Чувствуя, что с вводной частью затянул, Леонид Генрихович попил воды, прокашлялся и перешел к главному.
– Завсегдатаем мастерской с некоторых пор стал Глеб, считался он одним из самых талантливых молодых писателей, однако публиковался редко – вещи его, как правило, тормозились цензурой, и, зная об этом, редакторы “толстых” журналов и издатели неохотно раскрывали ему объятия, а попросту говоря, игнорировали. Глеб выпустил две тоненькие книжечки рассказов и был принят в Союз писателей. Жил он бедно, семью, где росла дочка, кормила жена, врач-гинеколог.
Я дружил с Глебом, у нас оказались схожие темпераменты и близкие мысли по поводу ближайшего будущего Славишии, оно представлялось довольно безрадостным, хотя не могли предположить, что все в одночасье рухнет и возродится совсем в ином качестве… Знаешь, Лёнечка, в других людях раздражает то, что ярче всего проявляется в нас самих. Так вот, в Глебе меня ничего не раздражало, не выводило из себя, и его, судя по всему, – тоже. Он водил знакомства с зарубежными корреспондентами и дипломатами, что, в конечном счете, сыграло особую роль в том, о чем я поведаю дальше. Извини, я хочу немного передохнуть, принять лекарства…
Он достал из кармана два пузырька, высыпал на журнальный столик несколько таблеток, отобрал кругленькую оранжевую и продолговатую белую, ее можно было разломать пополам, что он и сделал, пальцы дрожали, дед никак не мог взять пилюли и отправить в рот. Лео захотел помочь, Леонид Генрихович недовольно помотал головой – не надо, сам справлюсь. Запив из стакана, он откинулся в кресле и закрыл глаза.
Так молча они просидели пару минут.
Дед пришел в себя, глубоко вздохнул.
– На чем мы остановились? Да, Глеб. Мы дружили. Внешне были непохожи, я – рыжий, не слишком привлекательный для женщин, разве что необычным окрасом, он – синеглазый красавец со щегольской бородкой, похожий на итальянского актера.
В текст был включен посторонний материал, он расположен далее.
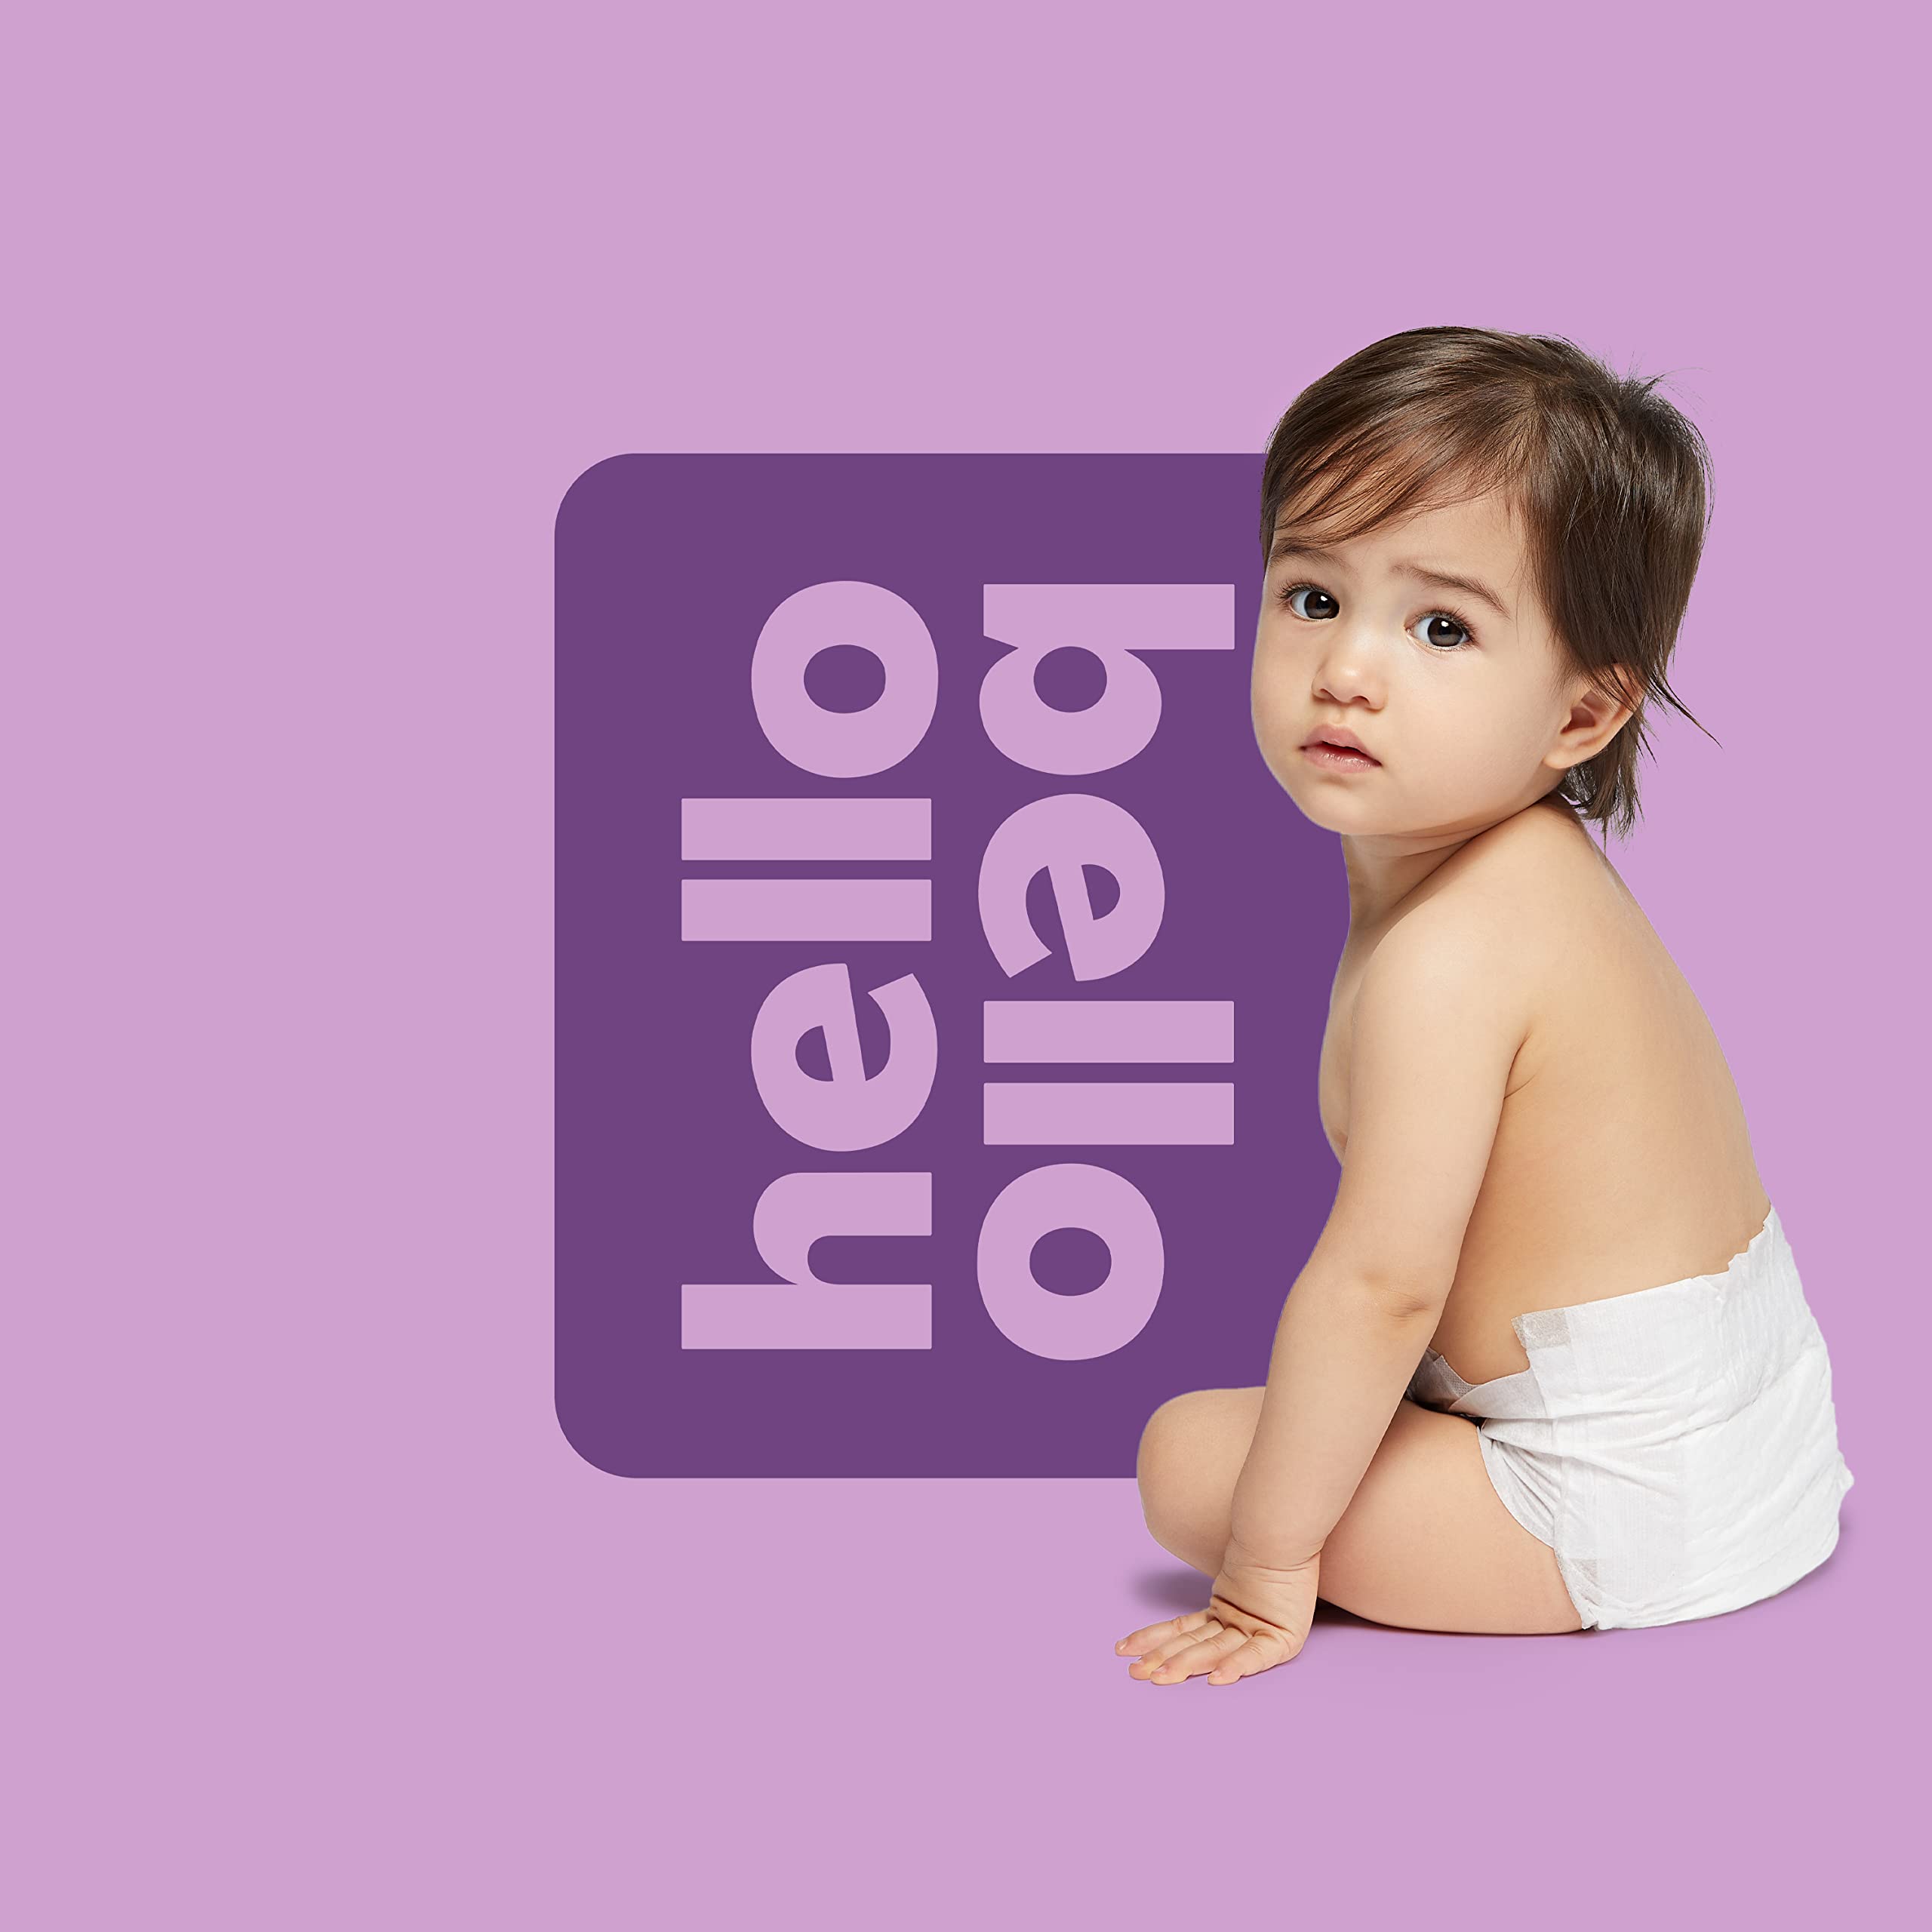 Hello Bello Premium Baby Diapers Size 6 I 17 Count of Disposeable, Extra-Absorbent, Hypoallergenic, and Eco-Friendly Baby Diapers with Snug and Comfort Fit I Safari

Да… Была весна, кругом всё зеленело, распускалось, благоухало, я вышел из мастерской подышать, сел на скамейку в располагавшемся напротив парке, ко мне подсел симпатичный паренек, назвал по имени-отчеству, помахал перед носом красной книжицей – “Я из КГБ”. Настроение у меня было замечательное, я люблю весну, поэтому позволил себе фривольный тон: “И чем я заинтересовал Контору Глубокого Бурения, неужто меня подозревают в работе на ЦРУ?” Паренек улыбнулся: “Ну что вы, Леонид Генрихович, какой из вас шпион, а вот в мастерской вашей с вашей легкой руки антисоветчики свили гнездышко, литературу запрещенную почитывают, распространяют, беседы ведут непозволительные”. Это было уже серьезно.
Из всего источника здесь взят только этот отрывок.